Zur LKW-Maut: Sie verändert die relativen Preise des Gütertransports und wird Verlagerungen von Verkehrsströmen verursachen. Das ist auch gewollt. Trotzdem wird es keine erdrutschartigen Verschiebungen in der Bedeutung der Verkehrsträger Straße, Schiene und Wasserwege geben. Ein Großteil des Verkehrswachstums der nächsten Jahre wird auch trotz der LKW-Maut auf der Straße anfallen. Kollege Eichelberg, Sie haben das gesagt. Wenn das Güterverkehrskonzept seinen Zweck als roten Faden der Verkehrsinfrastrukturplanung erfüllen soll, dann müssen auch Folgerungen für die Entwicklung des Straßennetzes eingearbeitet werden.
Nur dann wird das überarbeitete Güterverkehrskonzept eine sinnvolle Grundlage für weitere Debatten über die politischen Gestaltungsmöglichkeiten der Verkehrsströme in Schleswig-Holstein. Allerdings werden diese Gestaltungsmöglichkeiten sehr stark zusammenschrumpfen, wenn nicht sichergestellt wird, dass die Einnahmen aus der LKW-Maut für den Ausbau der Verkehrswege zur Verfügung stehen.
Eine gesetzliche Zweckbindung der Einnahmen ist unerlässlich. Selbstverständlich habe ich verfolgt, was vorgestern im Vermittlungsausschuss passiert ist. Selbstverständlich werden wir auch mit großen Augen und Ohren verfolgen, was heute im Bundesrat passiert. Selbstverständlich weiß ich auch, dass zum Beispiel der Verkehrsminister aus Rheinland-Pfalz von der FDP bereits seine Zustimmung zu dem gesamten Verfahren angekündigt hat. Trotzdem sage ich noch einmal deutlich: Die gesetzliche Zweckbindung - und zwar des gesamten Betrags der Maut - muss erfolgen. Ich habe es immer gesagt und bleibe auch dabei. Sie darf nicht nur für die Straße, sondern muss auch für den Ausbau der gesamten Verkehrsinfrastruktur gelten. Wenn wir diese gesetzliche Zweckbindung nicht bekommen, ist eine riesige Gefahr da, weil Herr Eichel das Geld in seinen Haushalt tut. Ich muss das noch einmal betonen.
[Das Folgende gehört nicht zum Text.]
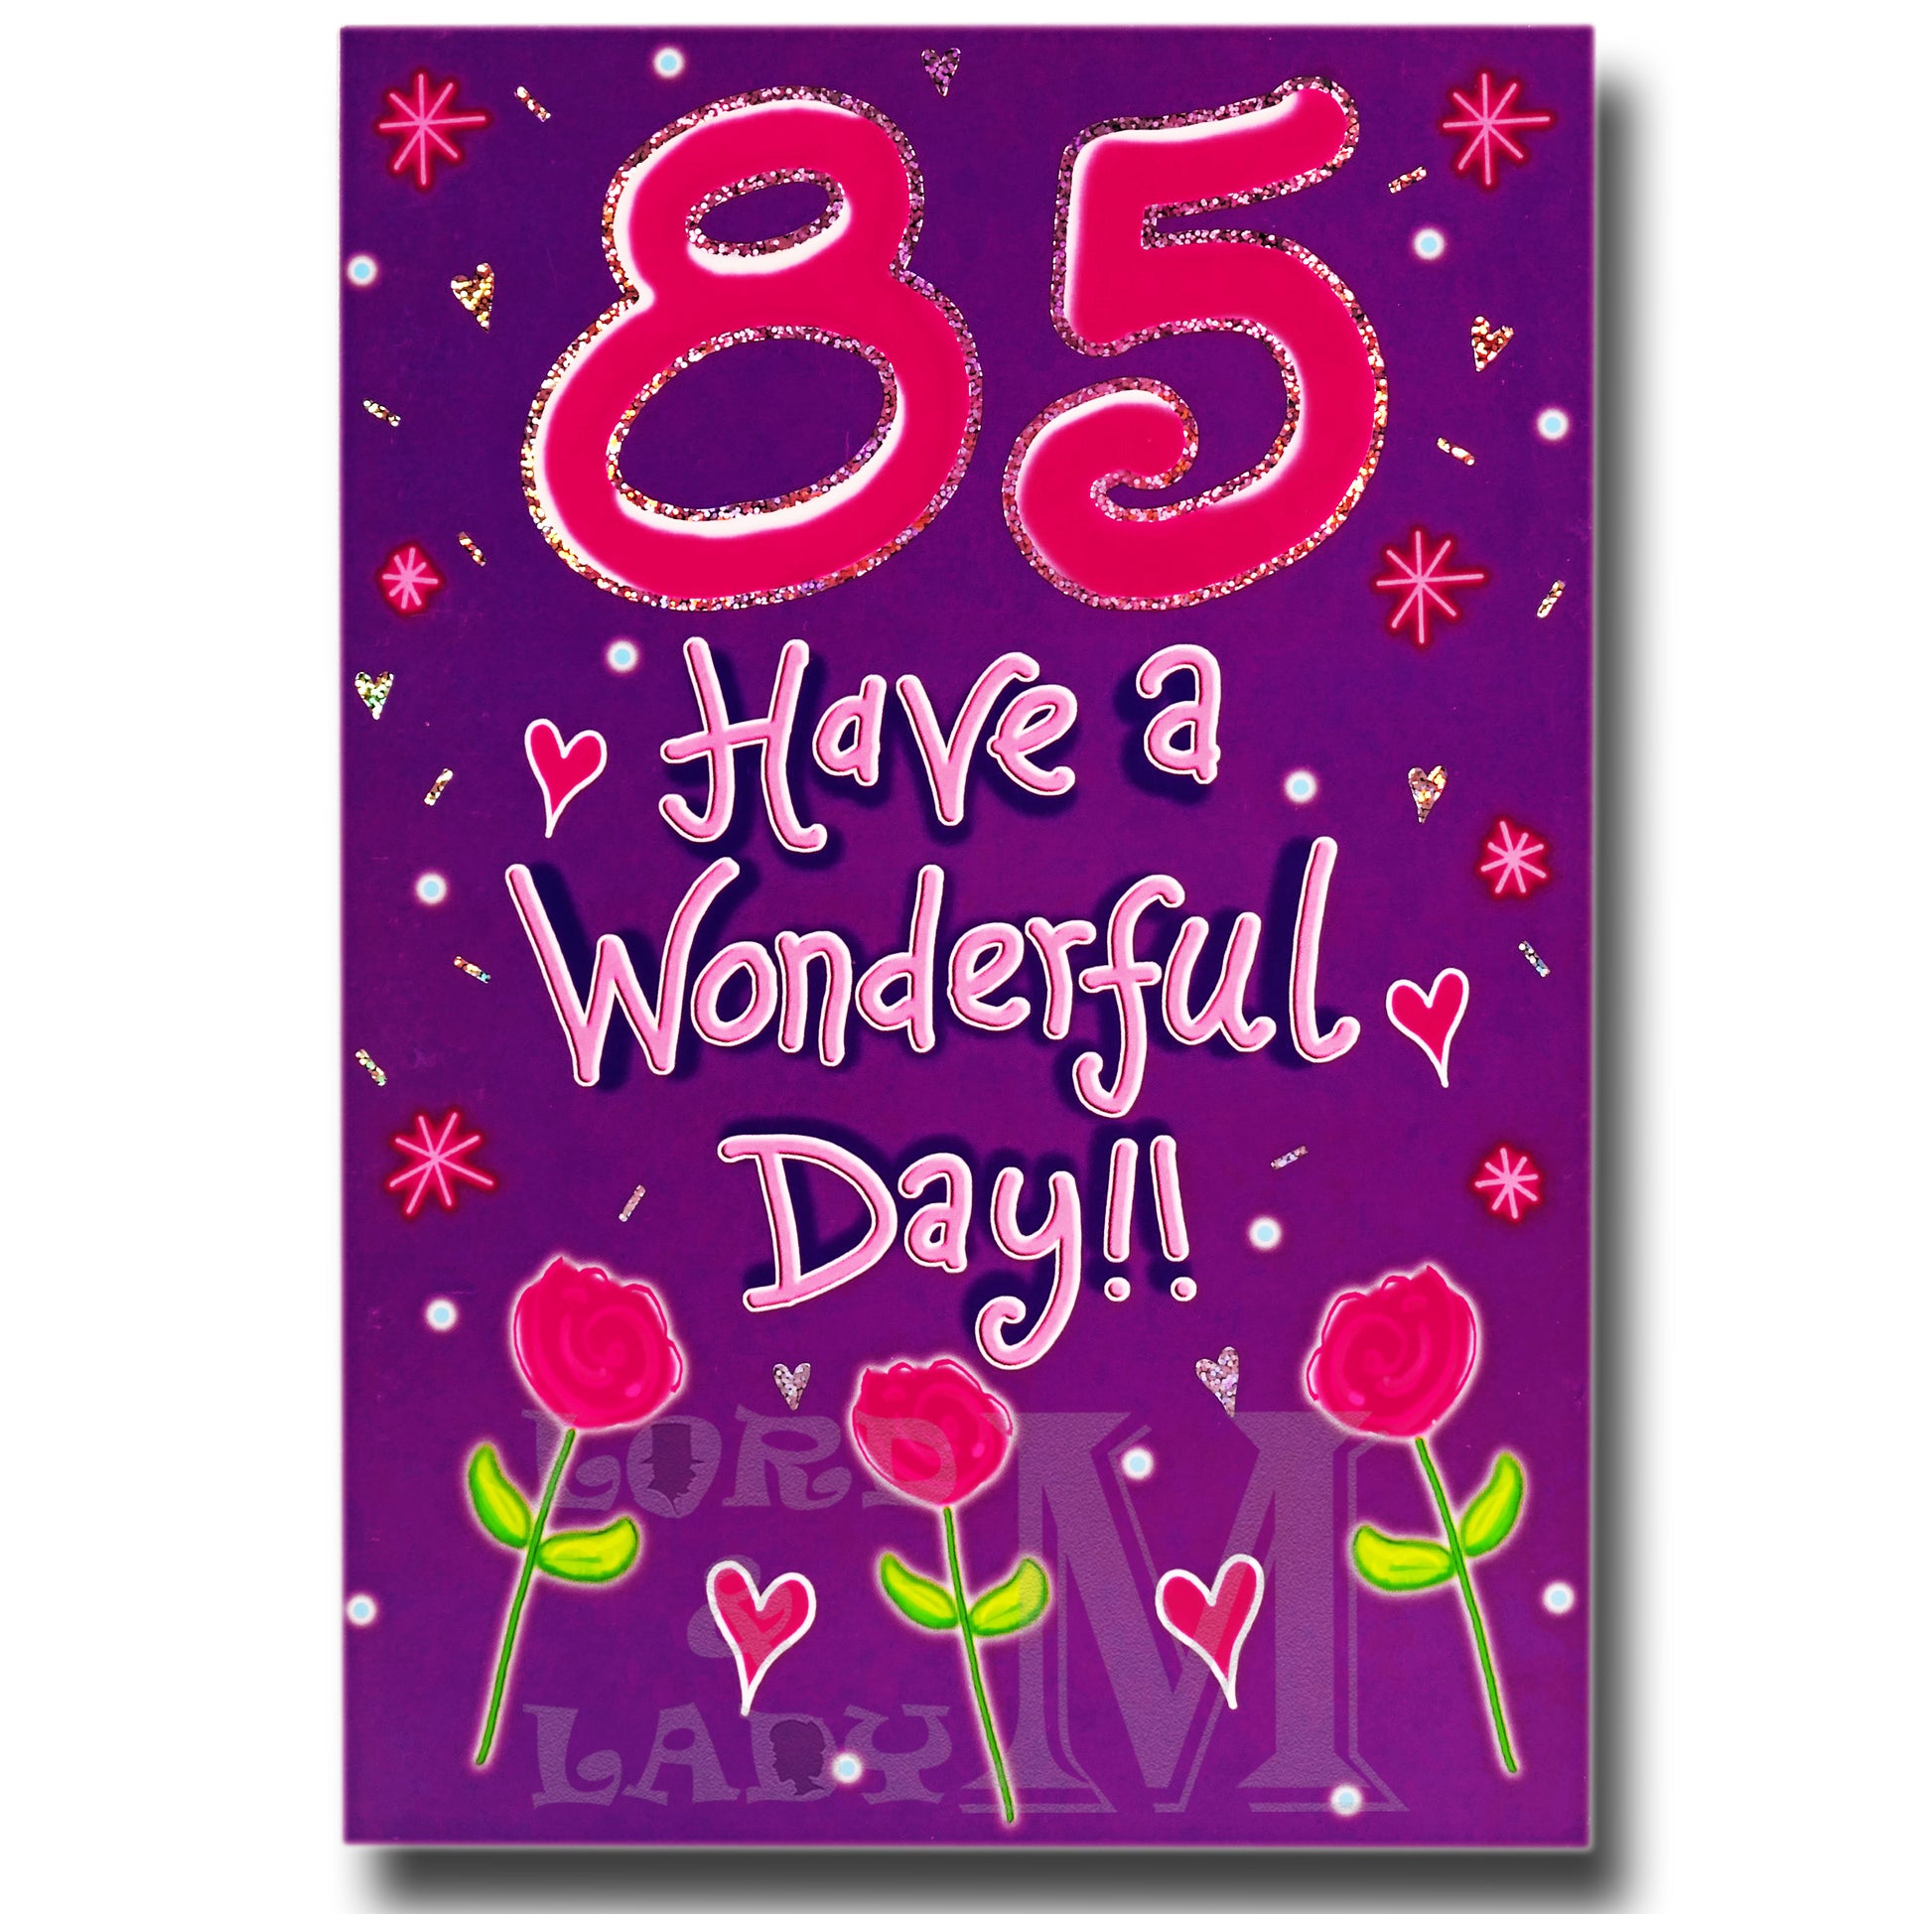 18cm - 85 Have A Wonderful Day - CWH

Auch das wissen wir: Das bisherige Verhalten des Bundesfinanzministers bei den Regionalisierungsmitteln für den Schienenverkehr wirft sehr dunkle Schatten voraus. Die Mittel sind im Zusammenhang mit der LKW-Maut jetzt angehoben worden. Dies erfolgte aber nicht in dem von den Ländern gewünschten Umfang. Außerdem geschah dies auch nur als Kompensationsgeschäft für andere Dinge, die die Länder wieder zugestanden haben. Wir müssen aufpassen; mehr sage ich dazu nicht.
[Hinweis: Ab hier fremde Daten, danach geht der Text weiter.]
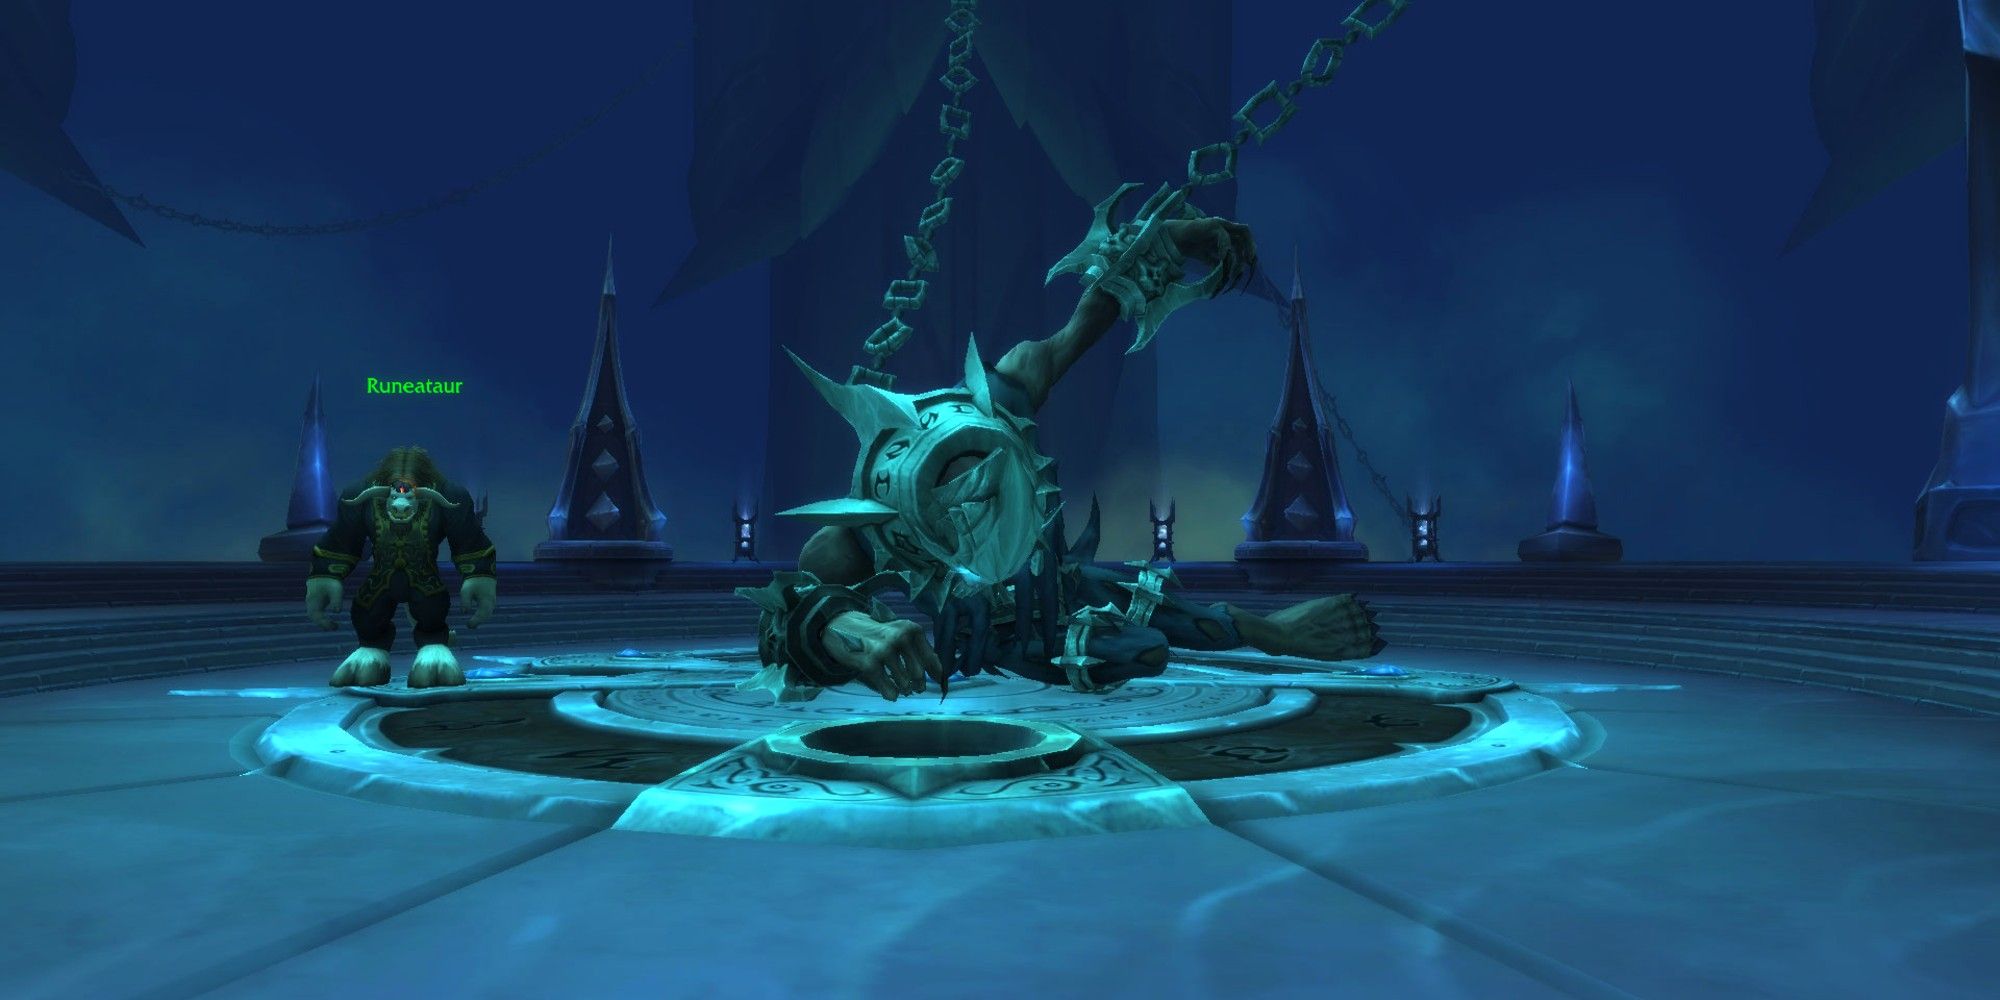 The Runecarver can be found in Torghast in The Maw in World of Warcraft: Shadowlands

Ich habe neulich einen neuen Begriff für unseren Bundesfinanzminister gehört. Bisher wurde er immer der eiserne Hans genannt. Neulich hat eine prominente Persönlichkeit aus der Wirtschaft ihn den blanken Hans genannt. Blanker Hans ist damit natürlich im übertragenen und nicht im norddeutschen Sinne gemeint. Wenn - wie ich fürchte - diese Bezeichnung zutrifft, dann müssen wir unbedingt dahinter her sein, dass in dem Verfahren zur LKW-Maut auch im Bundesrat noch einmal die Zweckbindung festgelegt wird, und zwar für den gesamten Infrastrukturbereich. Ich glaube, hier liegen unsere Positionen nicht auseinander.
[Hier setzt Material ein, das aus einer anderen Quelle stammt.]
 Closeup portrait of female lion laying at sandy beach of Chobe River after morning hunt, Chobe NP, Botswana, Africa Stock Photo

Meine Damen und Herren! Ich werde nicht meine Rede halten, sondern auf einige Punkte eingehen, die gesagt worden sind. Es ist erstaunlich, dass wir immer davon ausgehen, dass die Verlagerung des gesamten Güterverkehrs auf die Straße ein unausweichlicher Prozess ist. Wenn man sich weltweit die Tatsachen anguckt, stellt man fest, dass dies ein rein europäisches Problem ist. Im internationalen Güterverkehr überwiegt nicht die Straße. Es überwiegt auch nicht die Schiene, sondern es überwiegt ganz eindeutig das Schiff. Wenn ich darüber referiere, stelle ich immer eine Preisfrage: Wie viel Prozent der deutschen Transporte werden auf der Straße, auf Schienen oder per Schiff bewegt? Ich habe noch nie jemanden getroffen, der richtig geraten hat. 90 % der deutschen Exporte werden - wenn man die Tonnenkilometer misst - mit dem Schiff befördert, nur 6 % durch den LKW und die restlichen teilen sich auf Schiene, Pipeline und andere auf. Wir haben also völlig andere Dimensionen, als wir sie häufig im Kopf haben.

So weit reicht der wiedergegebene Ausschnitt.